Devo fare ammenda. Ieri ho scritto che dovrei intuire che mio marito prova stima e simpatia nei miei confronti – ma senza esagerare – dal fatto che non mi lascia.
Mi corre però l’obbligo di precisare che c’è un dato ancora più esplicativo dei suoi forti, fortissimi sentimenti nei miei confronti. Non si libera di me nonostante io la mattina sia un mollusco, un essere privo di spina dorsale, pronta a tutto pur di non alzarmi, capace di inventarmi malori, scuse, contrattempi e piogge di rane pur di dormire quegli ultimi tre minuti.

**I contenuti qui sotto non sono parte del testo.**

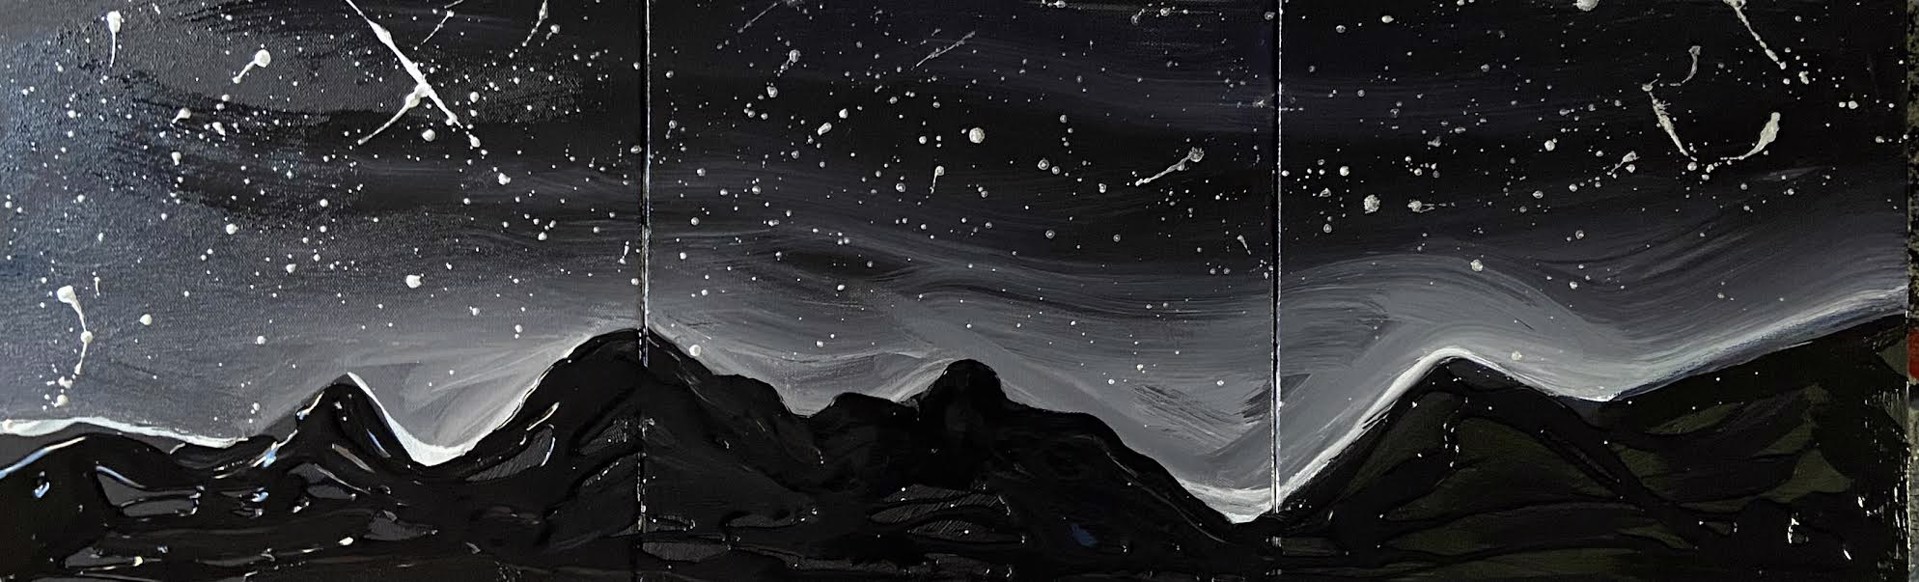 Dark Sky Sanctuary- Triptych by Jessamine Narita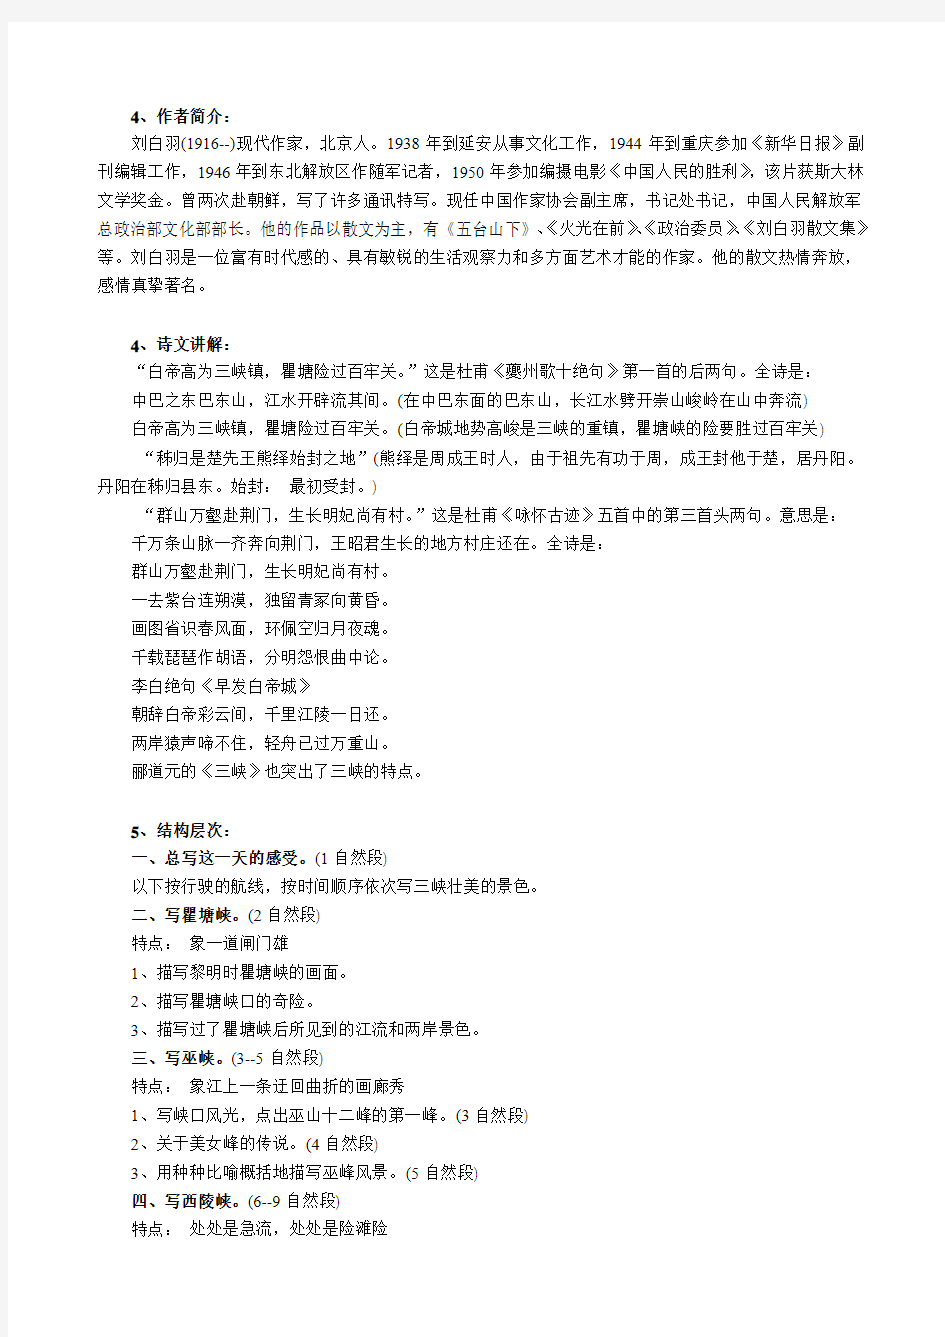 苏教版中职语文(基础模块)上册第8课《长江三峡》教案

Credo di avere energie fuori della media, come quasi tutte le mamme che lavorano e forse anche un pochino di più. Mi accade davvero raramente di fare solo una cosa per volta, non vado a dormire neanche se mi sparano e sono una specie di mulo: nessuna fatica mi spaventa. Posso anche fare il dritto e arrivare alla mattina dopo senza chiudere occhio, se necessario (esami, poppate, colichette, varie ed eventuali). Ma se tocco il cuscino è finita, poi ci vuole l’argano. Quel sant’uomo tutte le sante mattine che Dio manda in terra scaraventa fuori dal letto cinque persone e si occupa, con modi bruschi ma funzionali, che tutti si vestano, si infilino ciascuno il calzino di propria competenza, che tutti abbiano uno zaino e una merenda. Gli ossi più duri siamo io – Il mollusco – e Il cadavere, affettuoso nomignolo mattutino di mia figlia Lavinia, che essendo il mio clone ha preso da me anche alcune simpatiche caratteristiche, come l’ignavia antimeridiana e la capacità di rompere oggetti solo sfiorandoli.